EXCERPTED DATA: Begin

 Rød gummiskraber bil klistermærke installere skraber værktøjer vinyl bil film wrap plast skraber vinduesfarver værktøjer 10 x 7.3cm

EXCERPTED DATA: End
EXCERPTED DATA: Begin

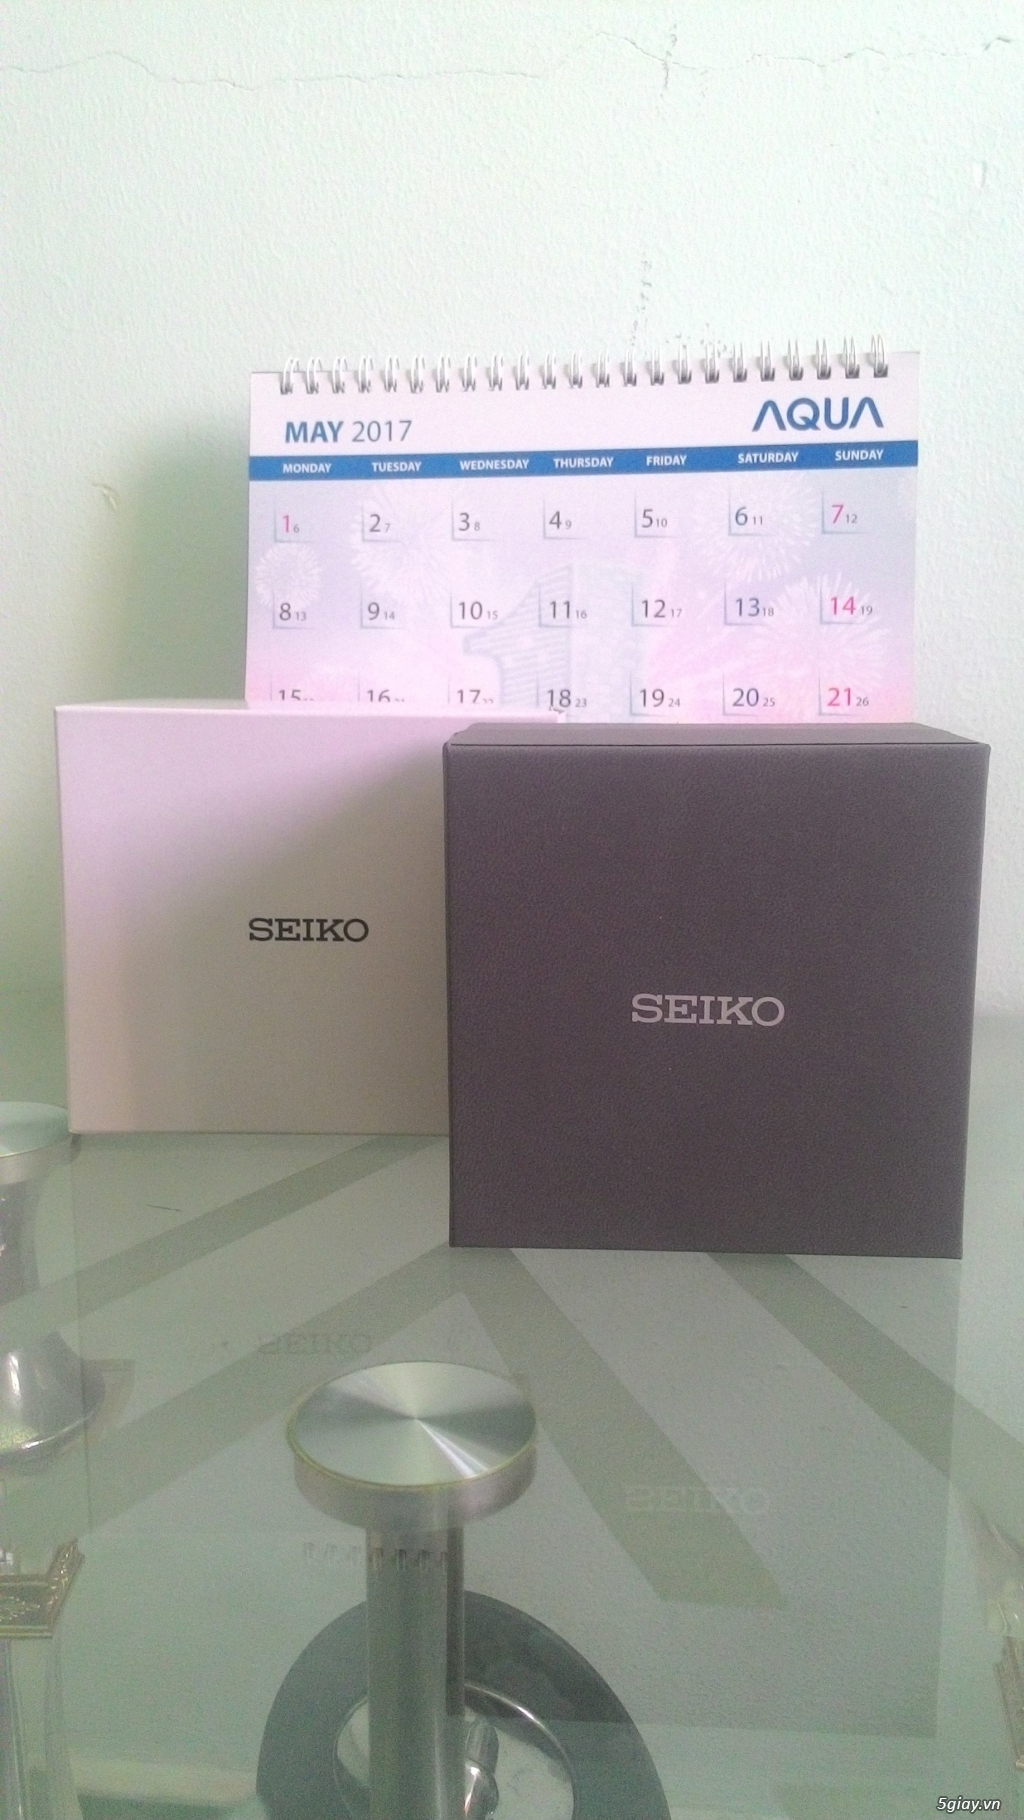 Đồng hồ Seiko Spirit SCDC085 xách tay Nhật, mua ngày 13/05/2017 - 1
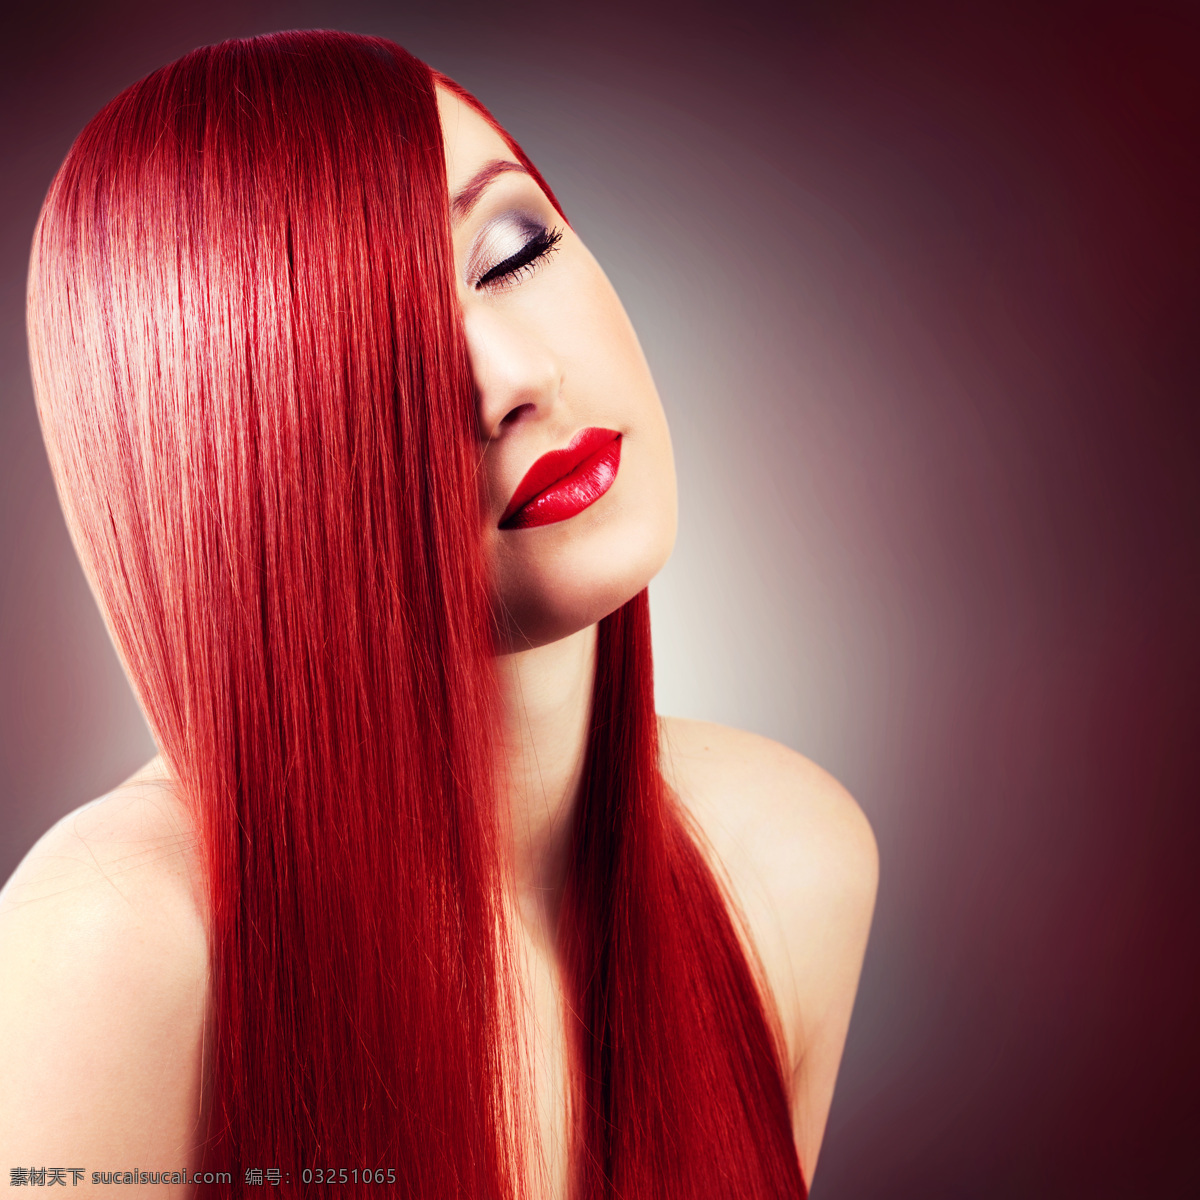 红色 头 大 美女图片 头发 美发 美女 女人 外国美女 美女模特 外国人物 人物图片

EXCERPTED DATA: End
EXCERPTED DATA: Begin

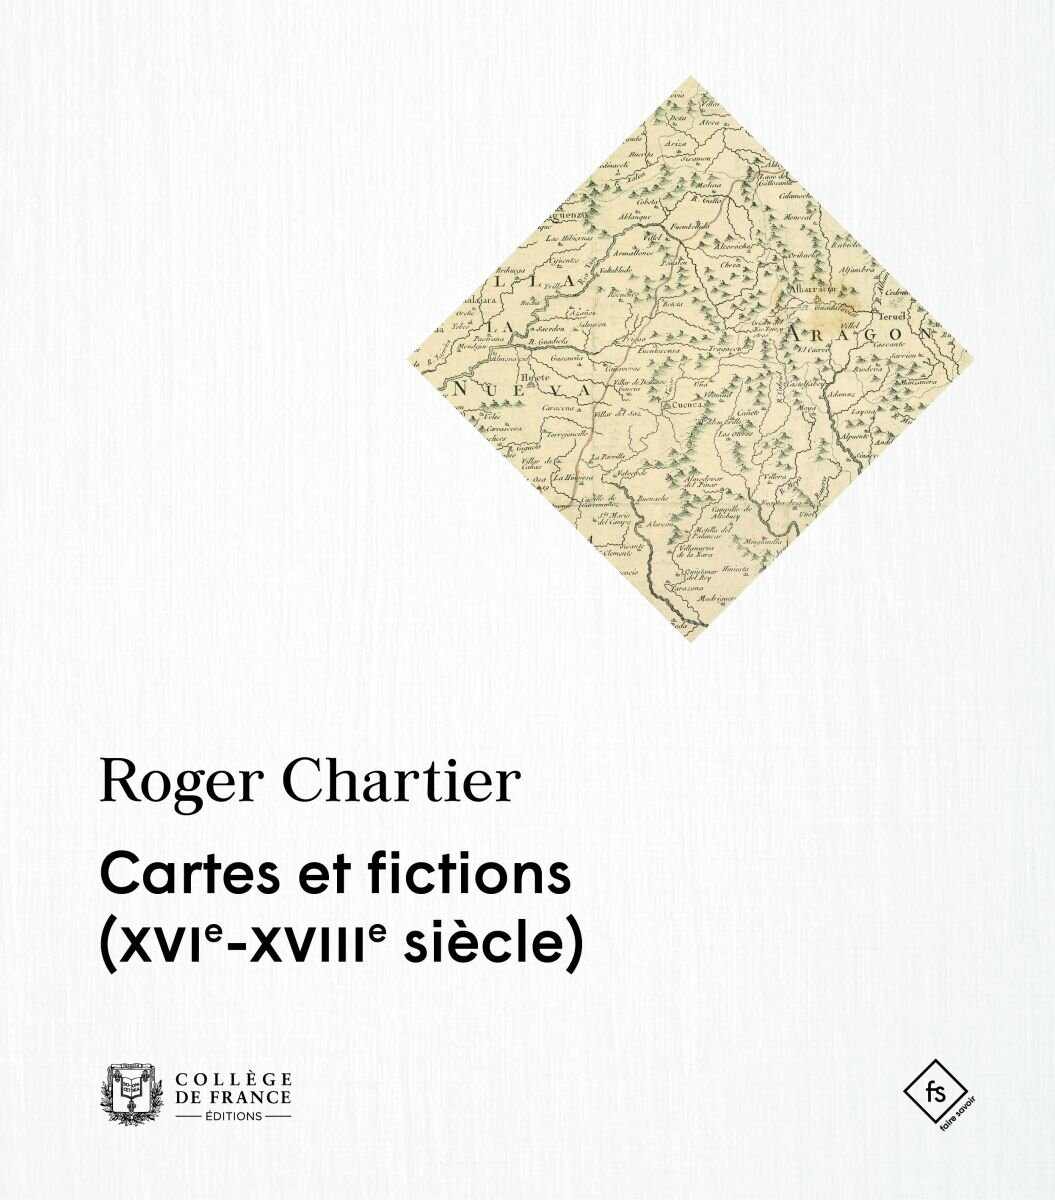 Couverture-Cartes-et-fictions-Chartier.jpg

EXCERPTED DATA: End

» **YOUR OBJECTIVE**
In the listing above, find the line containing "Đồng hồ Seiko" and the line containing "红色 头 大 美女图片 头发 美发 美女 女人 外国美女 美女模特 外国人物 人物图片", then print exactly those two lines and every line between them, minus the pictures.

» **TASK ANSWER**
 Đồng hồ Seiko Spirit SCDC085 xách tay Nhật, mua ngày 13/05/2017 - 1
 红色 头 大 美女图片 头发 美发 美女 女人 外国美女 美女模特 外国人物 人物图片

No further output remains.